Research, Analytics, and Machine Learning

https://phabricator.wikimedia.org/T183320
See task for session description, goals, and pre-reading notes

DevSummit event

Day & Time: Tuesday, 2:00 pm – 4:00 pm
Room: Tamalpis
Facilitator: Dan
Notetaker(s): Leila, who else please?

Session Notes: 15+ people in the room.

Part 1

Welcomes, outline, goals [15 mins]
- Introductions
- Set the Goal: The output of this session will feed into phase 2 of the 2030 Strategic Direction
- Here is how we plan to do it:
- Introduce our teams, the work and mandate of each team, capabilities we teams have, capabilities we're planning, and the things "we" see missing
- Brainstorm what "you" think we should be doing
- Break out and talk about risks, needs, opportunities, and what to avoid, stop, or re-resource

How do Research, Analytics, and Machine Learning relate to knowledge equity and knowledge as a service? What are some examples of features, services, processes, commitments, products, etc that further the strategic direction? Which are planned? Interactive: what other capabilities should be considered? [45 mins]

Slides at https://docs.google.com/presentation/d/1-pINN6SoiqBJDusTYrXk7mYV7eXlxMOOA-MqQtC52HM/edit#slide=id.g326cc9e2b0_0_1118

- Aaron: Machine Learning
  - Aaron goes over his slides.
  - Leila/dan: thoughts on what Aaron said?
  - Moritz: Now you have applied ML to content, but especially for code refactoring of the source-code that could be replaced by code else-where, to make the code-base more readable. Have you considered applying ML there?

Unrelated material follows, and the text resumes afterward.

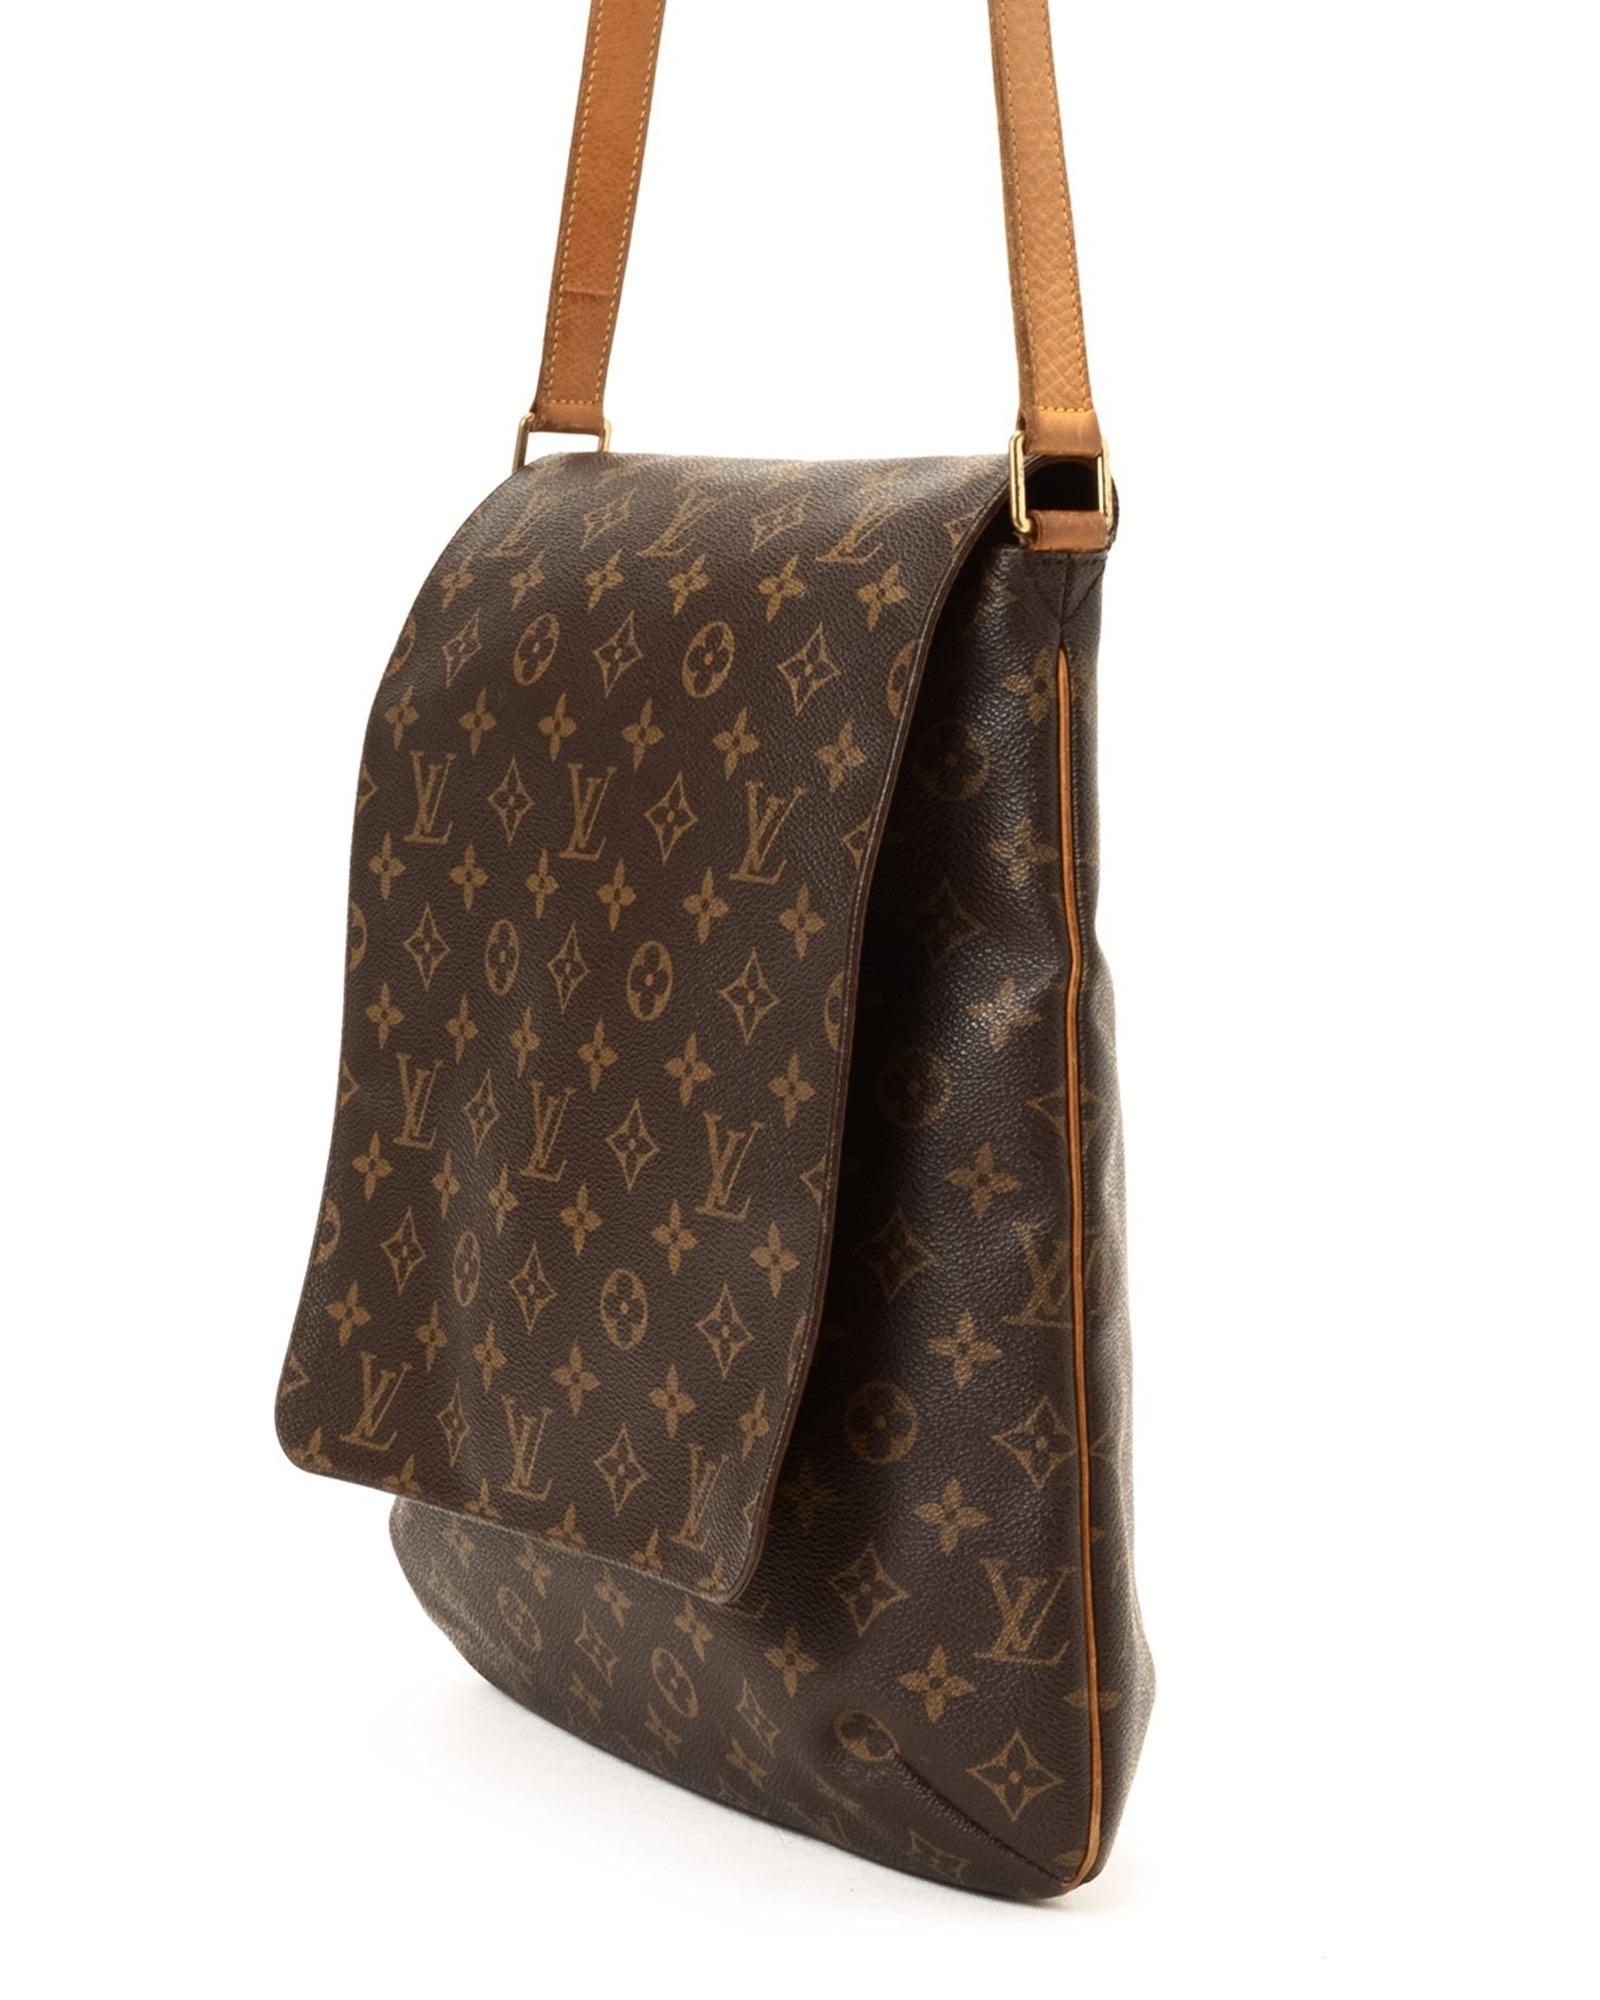 86c3cd450815 Lyst - Louis Vuitton Brown Shoulder Bag - Vintage in Brown

What new technologies do you introduce with this research that needs to be maintained in the long term?
  - Aaron: the first question sounded like: what about code instead of content. This is not an area that I focus on, but there are other people who are interested in it. We can share notes with other teams who are interested.
  - CScott: You have CluBot, Huggle, etc. who are doing the same thing kind of. So maybe we can look at consolidating ORES and these services. Back to your work: back to the darker days when VE was just deployed, we heard a lot that we get new editors who are less experienced, and that creates a lot of extra work for the patrollers, who were drowning in the RecentChanges feed. That specific problem didn't happen, perhaps because VE wasn't broadly embraced and the editor increase didn't happen that much either. A similar thing happened in Commons with the uploader app on Mobile, which had to be turned off because it was *too* successful in getting uploads to commons (most of which were, alas, of low quality). So another way of contextualizing your work is to help unburden the vandal fighters, which helps keep Wikimedia open to new contributions. ORES could be extended to images other than just text to allow us to re-enable some of the more accessible media upload mechanisms.
  - Aaron: yes, one of the talks I've not yet written is "how ORES kept Wikimedia open".
  - Ariel: How many times I've looked for a simple image of a flower and I have been unsuccessfull and something like this can help with.
  - Aaron: Let's talk about this in the breakout time because the systems that can support such a thing can be quite complicated.

- Dan: Analytics
  - We collect all the data and people get lost at sea with all of the complexity. This is a data warehouse idea. Instead we're going for the metaphor of a data lake. You can see the shore from any part of it. If some of that data needs to be public, it evaporates into the crowd. Streams of data feed into it. It's a calming metaphor and technology -- that helps you define questions and answer them.
  - Something that has impact beyond our team -- we have to build a really good streaming data platform. E.g. pageviews are writes into the analytics database. The industry handles this with scale-able log transport & kafka. Events as a first-class citizen. Since we're building this anyway, we started to look at what else in the MW ecosystem could use this. (Job queue, ChangeProp, ORES, JADE, etc.) All of these systems have the same basic needs to transfer data and allow for remixing. E.g. you can fork a stream and make changes and re-publish that stream.
  - In 2030, how can we start sharing technology and working together. E.g. Search folks are using this platform to do ML and scale-able transport. More concretely, I want to get you thinking about the "data lake". If it feels like an ocean, we have failed. It should feel like a happy little lake. If it doesn't, talk to us.
  - CScott: How our goals are resourced -- current guidance from product is that we don't just blindly trust developers, but rather make people prove the products via data. Analytics is a crucial point of how we get our dev summit proposals funded. E.g. platform team says we need (say) MCR, but our product process seems to require that at some point we have metrics to back up the effectiveness of the project in order to get our action items on a roadmap.
  - Dan A: Analytics infrastructure is the team.
  - CSCott: A lot of developers don't know how to work with the data, could use assistence understanding what data is available, how to run a trial, etc.
  - Dan A: If it seems like we're the gatekeepers of the capabilities to do what you need to do. No magic bullet. We have a backlog miles long like everyone else, so we need to talk.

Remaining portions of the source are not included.